ISSN en línea: 2789-3855, octubre, 2023, Volumen IV, Número 4 p 1026.
DOI: https://doi.org/10.56712/latam.v4i4.1281
Aplicación del principio de juridicidad dentro de los
procedimientos administrativos
Application of the principle of legality within administrative procedures
María Yokir Reyna Zambrano
Myreyna@sangregorio.edu.ec
http://orcid.org/0000-0003-0664-9604
Universidad San Gregorio de Portoviejo
Portoviejo – Ecuador
Artículo recibido: 11 de octubre de 2023. Aceptado para publicación: 26 de octubre de 2023.

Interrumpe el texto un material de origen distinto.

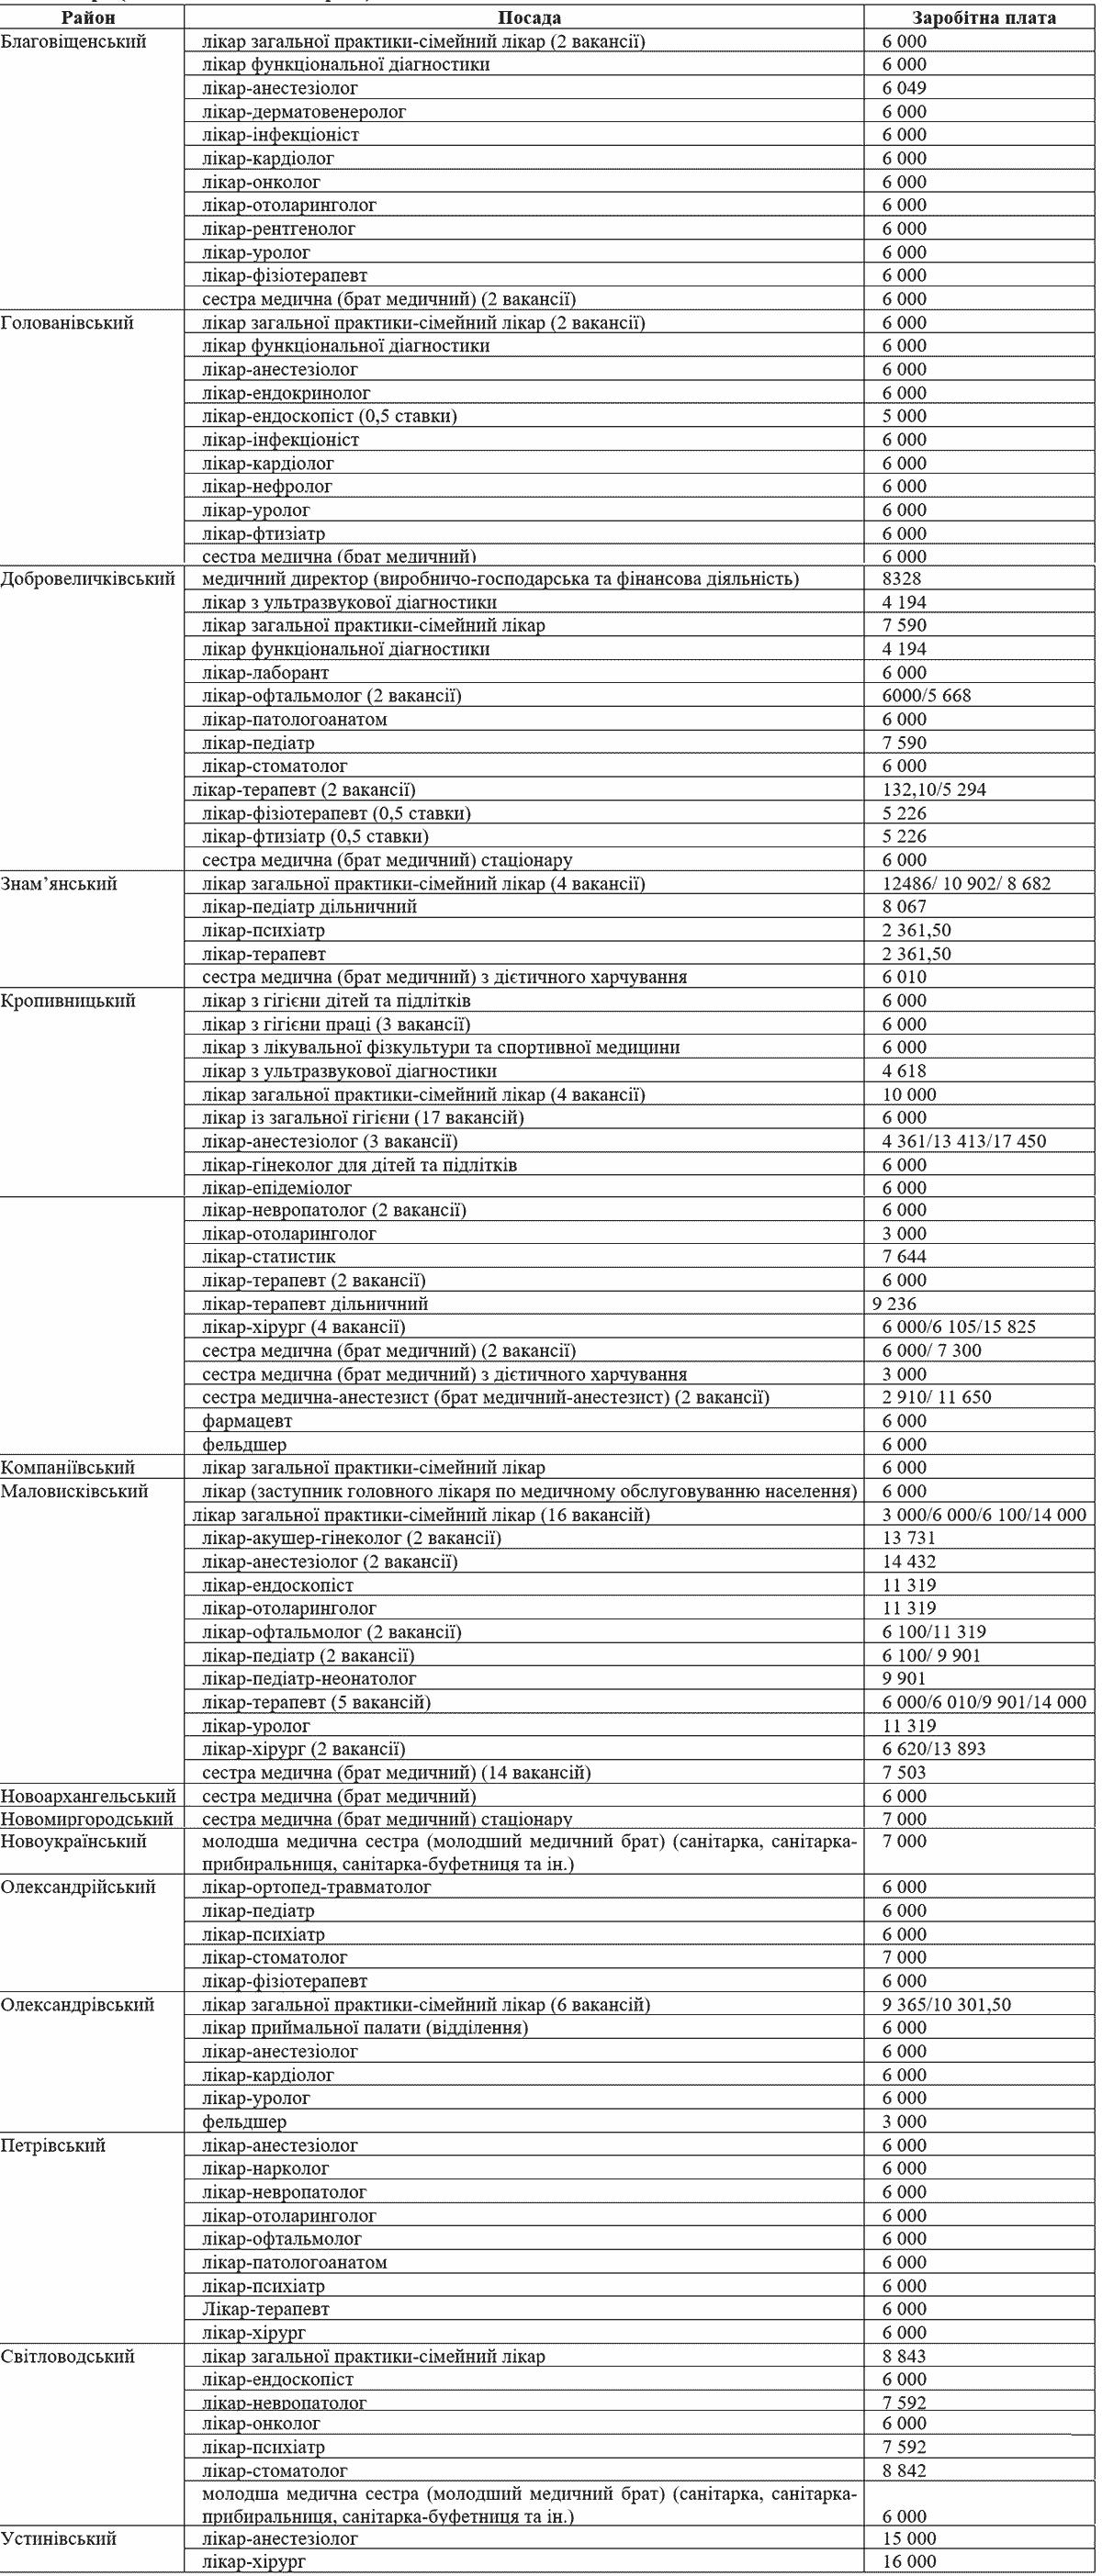 Без Купюр На Кіровоградщині бракує більше двохсот медичних працівників Здоров'я  Центр зайнятості новини медики Кропивницький Кіровоградщина вакансії 2021 Червень

Conflictos de Interés: Ninguno que declarar.
Resumen
Desde el 7 de julio de 2018, se marcó un avance del derecho administrativo ecuatoriano, con la
vigencia de un nuevo cuerpo normativo denominado Código Orgánico Administrativo, que regule el
ejercicio de la función administrativa de algunos órganos públicos en los procedimientos
administrativos que, de acuerdo con autores, se convierte en un instrumento de gobierno y de control
y una medida elocuente del apego a la ley de los gobiernos, pero también sujeto al a la aplicación de
principios en sus decisiones, sin menoscabar los derechos de los particulares. Entre estos principios,
se encuentra el de juridicidad, considerado como una extensión del principio constitucional de
legalidad, mismo que ya no solo se limita a la obligatoriedad de aplicar la Constitución y los
instrumentos internacionales, sino que sus actuaciones administrativas lleva implícita la aplicación
de la justicia y razonabilidad. En este sentido, el objetivo de la presente investigación es determinar el
alcance de aplicación que tiene este principio de juridicidad dentro de los procedimientos
administrativos, a través de una metodología de investigación cualitativa, empleando la revisión
bibliográfica y documental. Los resultados demuestran que, dentro del procedimiento administrativo
este principio se ha implementado como un límite a las prerrogativas que goza u ostenta la
administración pública adecuándose a las normativas jerárquicamente establecidas, conservando
ciertas potestades con criterios de igualdad, buena fe, discrecionalidad, y finalidad en sus decisiones.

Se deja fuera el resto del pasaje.